Accordingly, and unsurprisingly, the Court granted the Commission’s application for interim measures. A number of weak spots can be identified from this otherwise compellingly reasoned and, on all points, fully convincing Grand Chamber order. These weak spots are all connected to the limited scope of the Commission’s application for interim relief in a situation where the Commission is furthermore yet to act against the “muzzle law”. Very briefly: (i) Not asking for a penalty payment from the start of the action beggars belief considering the track record of Polish authorities, which the Court itself noted as regards its AK ruling, which means Polish authorities will have all the time in the world to ignore the Court’s order until their capture process is completed; (ii) What about prosecutors who have been similarly harassed and subject to Kafkaesque proceedings and arbitrary sanctions; (iii) How long before we see Polish authorities switching to criminal proceedings against judges to achieve their (autocratic) goals?; (iv) What about the procedural defects characterising the arguably unlawful appointment process of the basis of which additional “judges” were appointed to the Supreme Court by the Polish President?

5. Still Too little, still too late? 

Polish authorities have not only been “actively and purposely organising non-compliance with the ruling of the Court of Justice of 19 November 2019 and the judgment of the Supreme Court of 5 December”, they have since also refused to acknowledge, let alone comply with the resolution adopted by three chambers of Poland’s Supreme Court on 23 January 2020 and which reiterated that the “disciplinary chamber” is not a court due to its lack of independence and therefore its “decisions” shall be considered null and void irrespective of when they were issued as they “deserve no protection”.

Viewed in light of this dictatorial pattern and the Soviet-style disciplinary developments witnessed over the past five years, culminating with a suspension and a pay cut of 40% imposed on Juge Juszczyszyn for seeking to apply the Court’s preliminary ruling of 19 November 2019, and the intervention of the “cardboard cut-out Constitutional Tribunal” to (illegally) neutralise the application of the Supreme Court resolution of 23 January 2020 notwithstanding the Constitutional Tribunal’s obvious lack of competence to do so, the Court of Justice was left with no choice but disable a body whose lack of independence and impartiality has been for a long time obvious to all but Poland’s autocratic party and associates.  
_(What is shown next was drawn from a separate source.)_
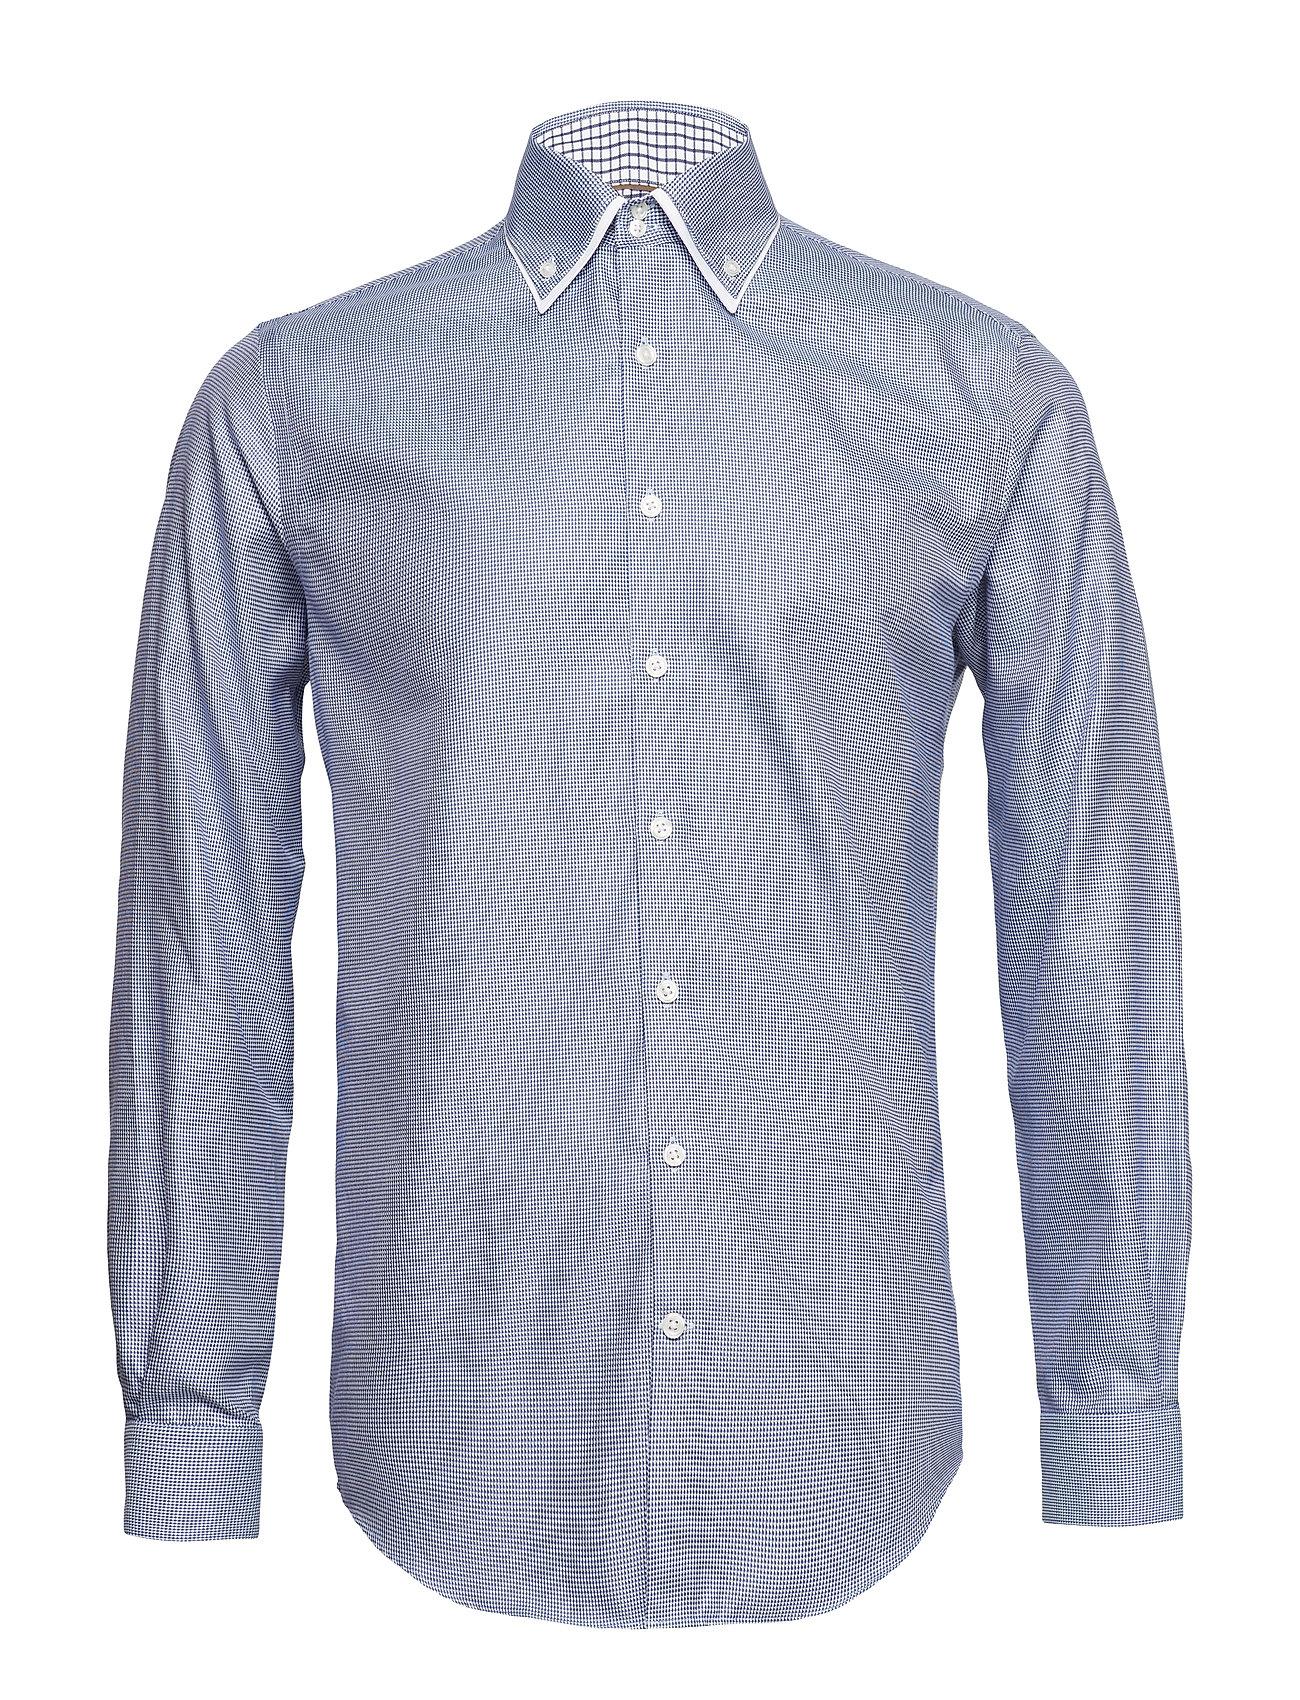 Lindbergh Double collar shirt L/S - BLUE

What else to do when according to the First President of Poland’s Supreme Court – herself one of the targets of the law which sought to retroactively lower the retirement regime of Supreme Court judges later found in breach of Article 19(1) TEU – the EU is faced with a situation where a Member State “no longer have independent courts or a third branch of government, independent of the executive.”

Let that sink in: Poland has no longer independent courts according the President of Poland’s (not-yet-but-soon-to-be-captured) Supreme Court. 

To contain this clear and present danger to the rule of law, the von der Leyen Commission must wake up from its current torpor and initiate infringement actions against the “muzzle law”; the ENCJ-suspended “National Council for the Judiciary”; the sham “Extraordinary Control and Public Affairs Chamber”; and last but not least, the captured “Constitutional Tribunal” whose intervention the Polish PM announced a few hours after the ECJ’s order.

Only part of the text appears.